We use YMS The Practice of Statistics, 3rd edition, in the AP Stats class I teach. Standardized scores makes its first appearance in Chapter 2. We cover this content in early September, a time where many college bound students are busy filling out college applications, preparing resumes, and requesting letters of reference. Since our school is in the Midwest, virtually all students are familiar with the ACT. Few know about the SAT; in particular, few know the maximum possible score on sections of the SAT. This activity leads to a nice thought experiment also, where the students must put themselves in the shoes of scholarship committee members making decisions that affect students' lives.

Here's what the example above looks like worked out on the Promethean board:

This decision is pretty simple to make.
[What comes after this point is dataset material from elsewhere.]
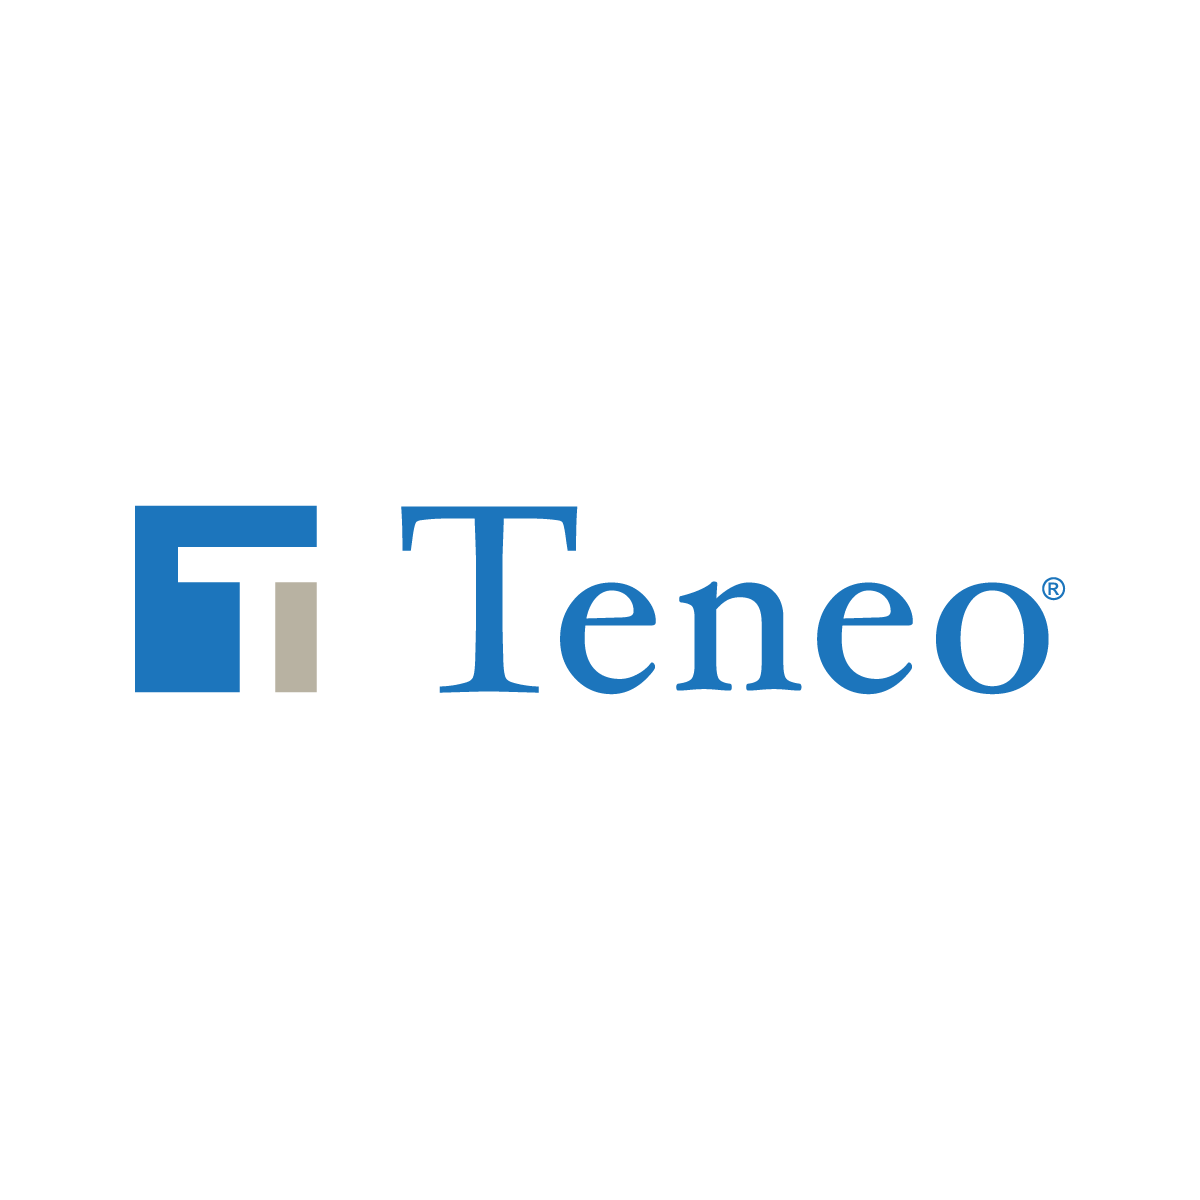 teneo-og-placeholder.png

The student with an ACT math score of 33 has a relative performance far more impressive than the student with the SAT math score of 705. I start with this example because the values are fairly clean and the decision is easy to make.

But what happens when the computations reveal values that do not yield an 'easy' decision? Here's the example I use to immediately follow the ACT vs SAT issue.
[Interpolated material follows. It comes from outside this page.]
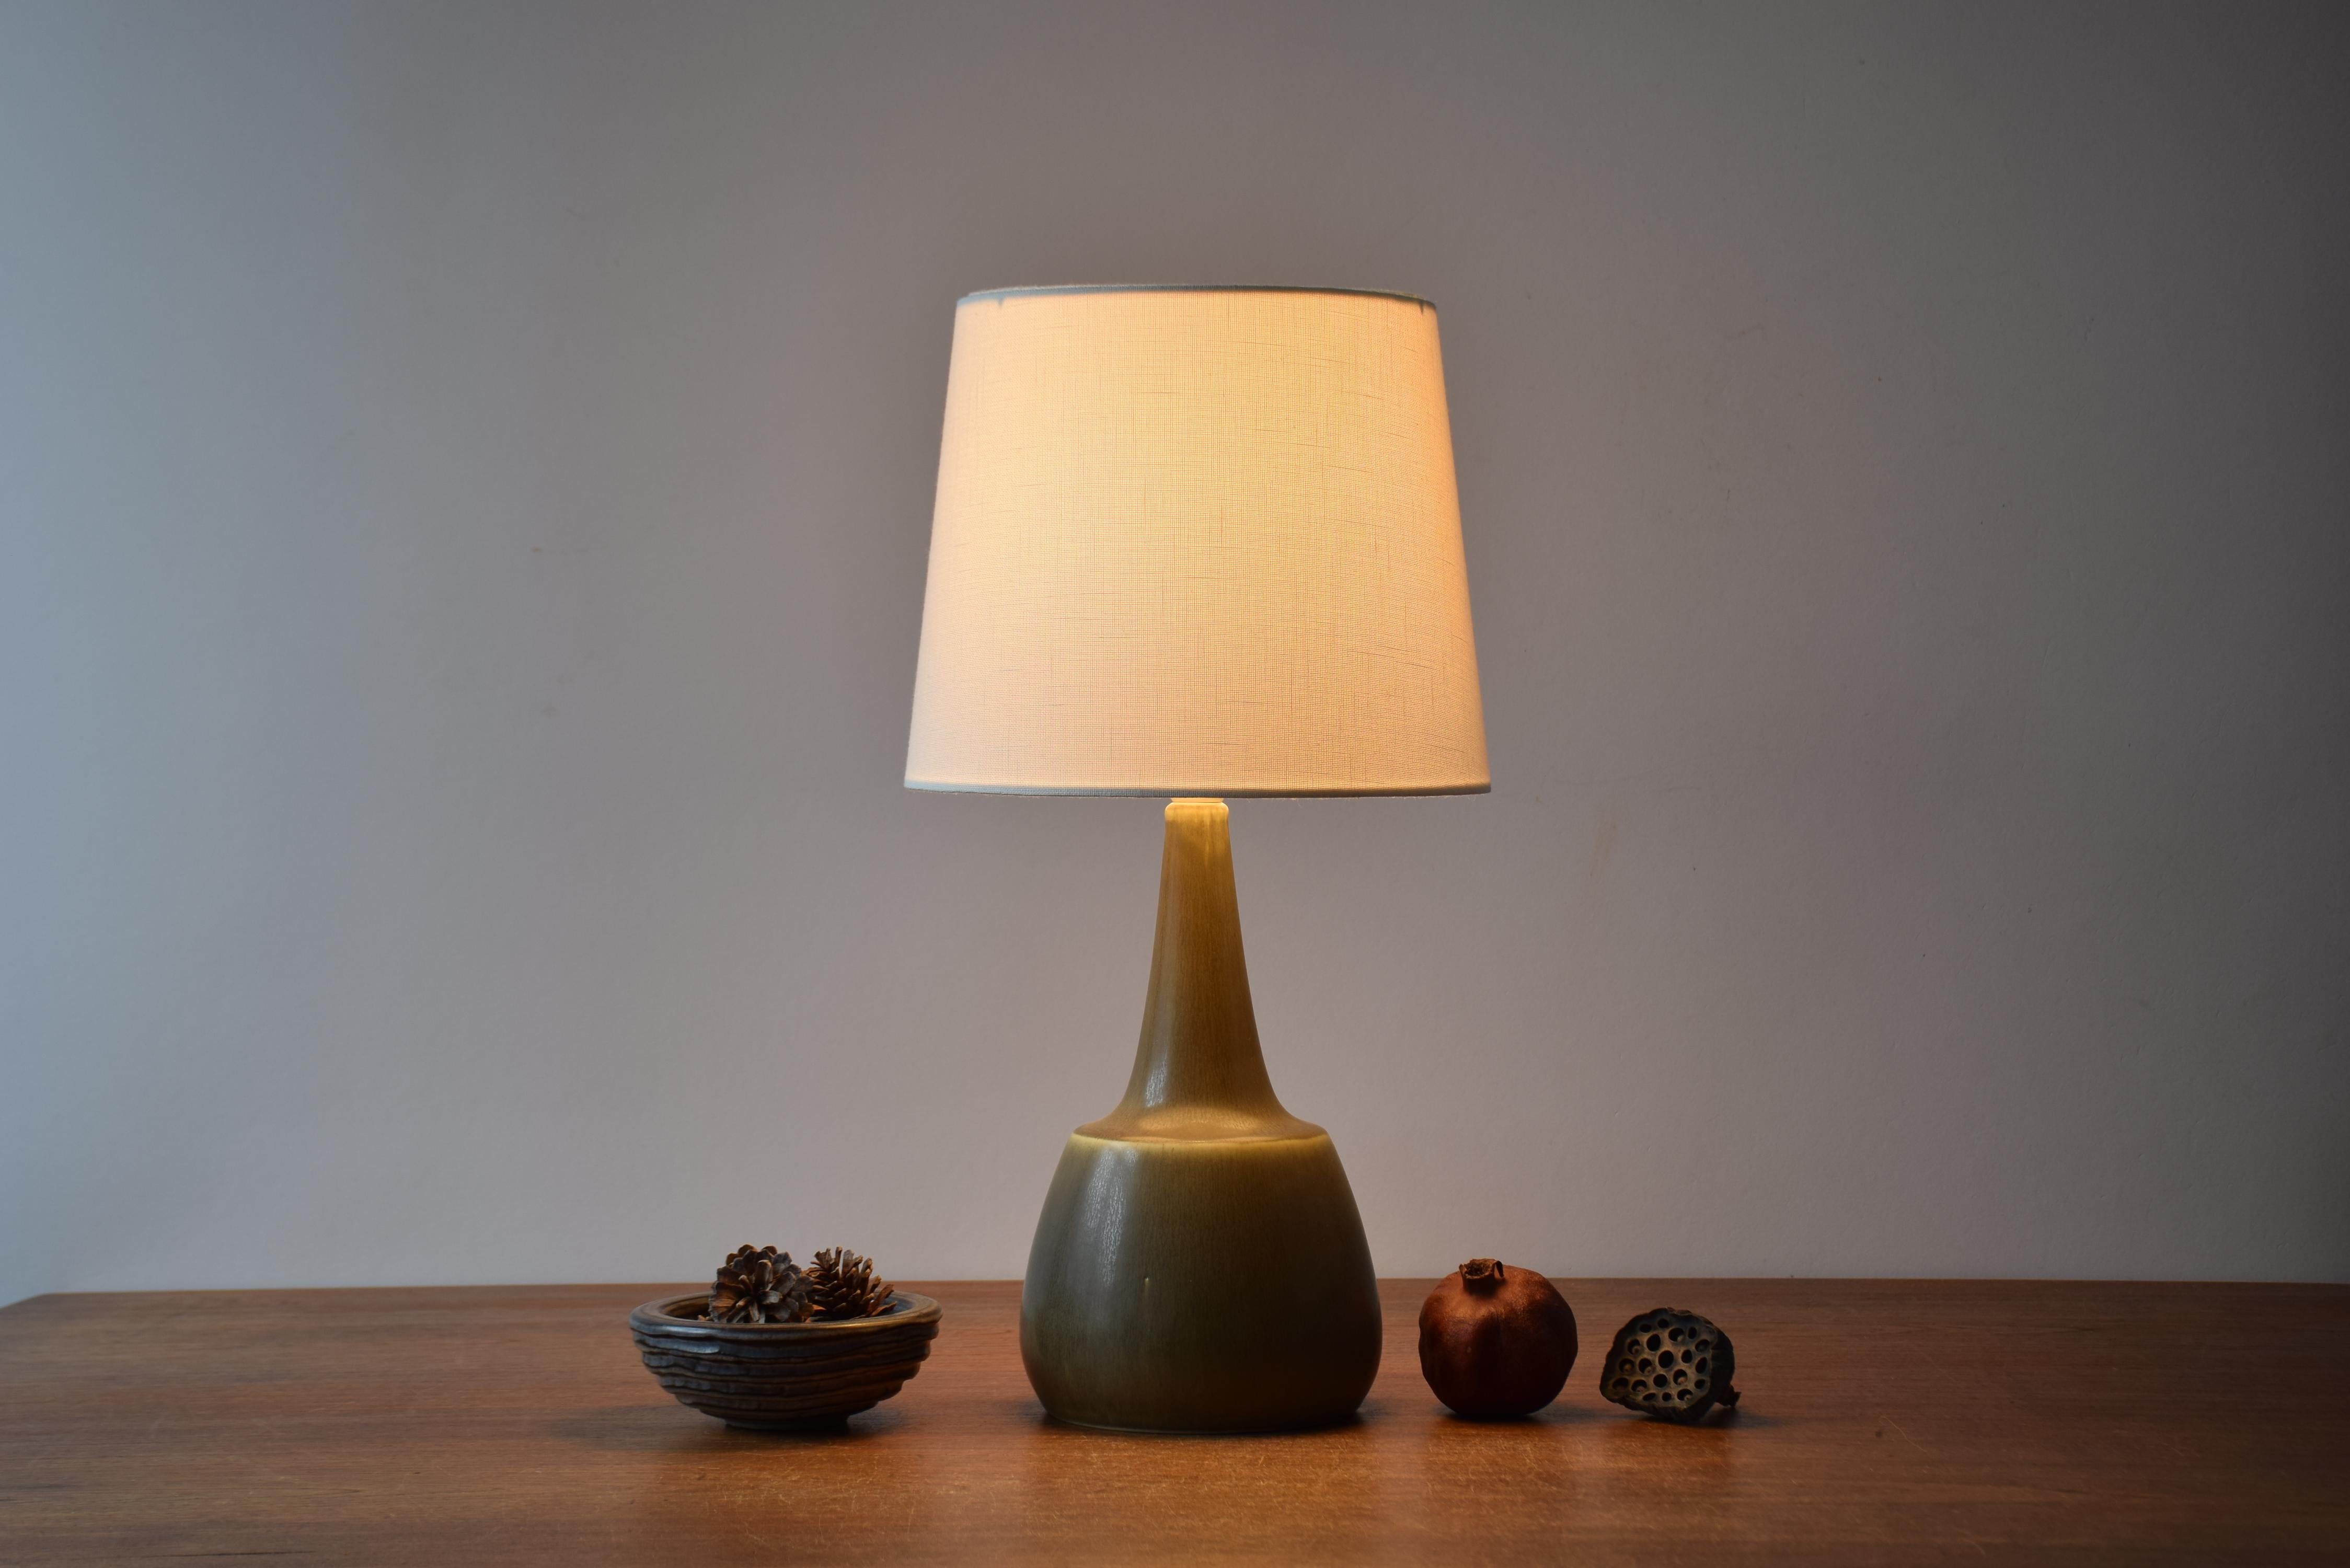 Lampe de table du milieu du siècle dernier de l'atelier de céramique danois Palshus. 
La lampe a été conçue par Per Linnemann-Schmidt et fabriquée à la fin des années 1950 ou 1960.

La lampe présente une glaçure vert olive / kaki HaresFur.

Un

I like this example because it requires the students to reflect on the choice they will make about units of length. Should we convert the feet & inches measurements to decimal feet? Or to inches? Many students choose to use inches. I show students the problem and put three minutes on a countdown timer.

Then I circulate the room as students work through the problem. I listen carefully for the discussion, for the argument of which student would be the better scholarship candidate. I randomly select a student to go to the front of the room to show the work they did and to explain their thinking. An example of some student work is below.

Listening to the students argue about this decision is fascinating. Some will insist that because the female has a z-score that is a whole unit higher (5.11 versus 4.109), the female deserves the scholarship.

Others will argue that because the normalcdf command on the TI-84 yields the same value to four decimal places, it does not matter which candidate we choose; both are equally good. (This four decimal claim is because the rounding convention we use as a default is to the nearest ten-thousandth when not specified).

Another school of thought amongst the students is that because the procedure does not yield a clear result, further analysis is needed, such as academic performance, financial need, or an assessment of each athlete's moral character. These factors of consideration are student-centric.

I challenge students to think from the perspective of the athletic team or the institution. Perhaps the conference is loaded with strong female athletes, so we need a strong female athlete to be competitive. Perhaps we need to choose the athlete whose family could provide more financial support in the event we have to split the scholarship value later. Many of these institution-centric considerations do not occur to the students naturally.

Using high quality problems like this one provides another hidden instructional benefit. I always have a conceptual hook on which to hang the process of standardizing scores. If I ask "Do you remember the process for standardizing scores on the Normal curve?" and get little to no positive responses, I can always quickly follow with, "Think back to the scholarship problem, where you had to compare two different candidates to see which candidate was better." This cuts down on the time I have to spend reteaching and allows us to be more efficient during class time.

As I look to summer when I have additional time to better my practice, this is one of the first problems I will look to film when I test the waters of 'flipping' the classroom.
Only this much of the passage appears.